ジェラスがかすかに痺れの残る手を軽く振るとアセルスは心配そうに覗き込んだ。
陰術を習得しているものは入れないと言われたにも関わらず、無謀にも迷宮に挑もうとしていたアセルスは、内心ちょっとだけジェラスに感謝した。

先に入ろうとしていたなら他人事ではなかっただろう。
「じゃあ、ここで待ってるね。ふたりとも、気をつけて」

アセルスは、名残惜しそうに白薔薇姫とルージュを見送った。
「あのさ」

ただ待っているのも退屈で、アセルスはジェラスに話しかけていた。
「もしかして二人は、兄弟?」

驚いたように、ジェラスはアセルスを見返す。
「いや、違うな。――なぜ、そう思う?」
「そっか、違うんだ……。うん――なんとなく、だけど。似てるんだよね。――雰囲気とか」
「それは――私もルージュも、術師だからでは?」
「でもジェラスって、なんだか、ルージュのお兄さんっていうか、保護者ってかんじだよ? 見てると」

見上げるアセルスに、ジェラスはほんの少しだけ困ったような複雑な微笑を返した。

そうしているうちに、迷宮の扉がぼんやりと光りだした。
「戻ってきたようだ」

扉の前の光は次第に人の型になり、ルージュと白薔薇が現れた。
「光の迷宮って、どんなところだったの?」

好奇心を押さえきれない様子でアセルスはルージュと白薔薇姫に尋ねる。

小さい頃から迷路が大好きだったと言うアセルスは、光の迷宮に入れなかったのが心底残念そうだった。

光の迷宮から戻ってきたルージュは、何気なく足元の床に目を遣り……出会ったときから抱いていた違和感の正体に気づく。

(そうか……この人。『影』が無いんだ)

ルミナスの、磨きぬかれた大理石で作られたシップ発着場付近は、迷宮からの光や、ロビーの照明とあいまってかなり明るい。光源が一箇所ではないため、夕暮れのような長い影はできない――だが、自分の足元にも、アセルスの足元にも当然のように出来ている影が、黒髪の青年の足元には全く無かった。

(でも、訊くのは失礼だよね……入り口の反応から、陰術に関係してるみたいだし。試練は一度きりだと、受付でも言われたからなぁ)

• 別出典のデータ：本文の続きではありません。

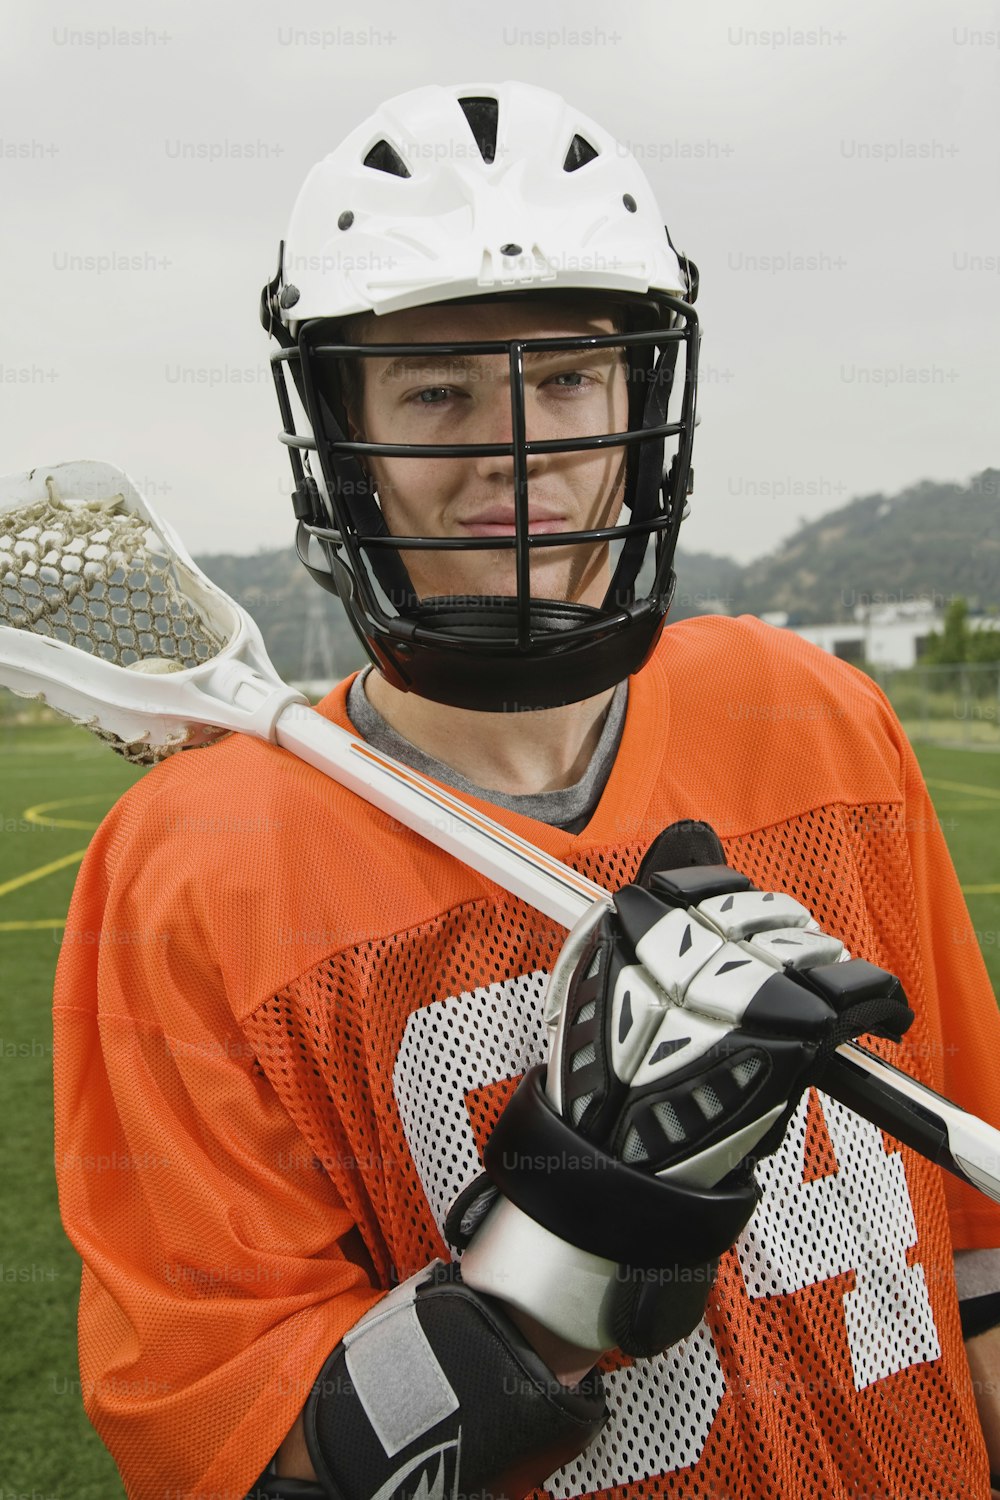 Un hombre con una camiseta naranja sosteniendo un palo de lacrosse

陰術の試練――オーンブルでの内容は、文献を読んだことがあるので知識としては知っている。

術士の彼に、影が無いことをたずねるということは「試練に挑んで失敗したのか」と問うのと同じだ。そんな失礼な真似はとてもできない。

 

 

その後、ドゥヴァンでカードを手に入れた一行は、盾のカードを求めてIRPOへ。受付で用件を告げると、応接室に通された。
「いやー、待たせたね。あんたら、盾のカードが欲しいんだって?」

しばらく待った後に現れたのは、とても警官には見えない飄々とした男だった。彼はIRPOのヒューズ捜査官だ、と名乗った。
「ここに来れば、カードがあると聞いて――。お願いです、譲っていただけませんか?」
「ああ、かまわないぜ。俺は別に術の資質に興味はないからな」
「ありがとうございます!」

あっさりと承諾するヒューズに、ルージュは思わず笑顔になり、差し出されたカードに手を伸ばす。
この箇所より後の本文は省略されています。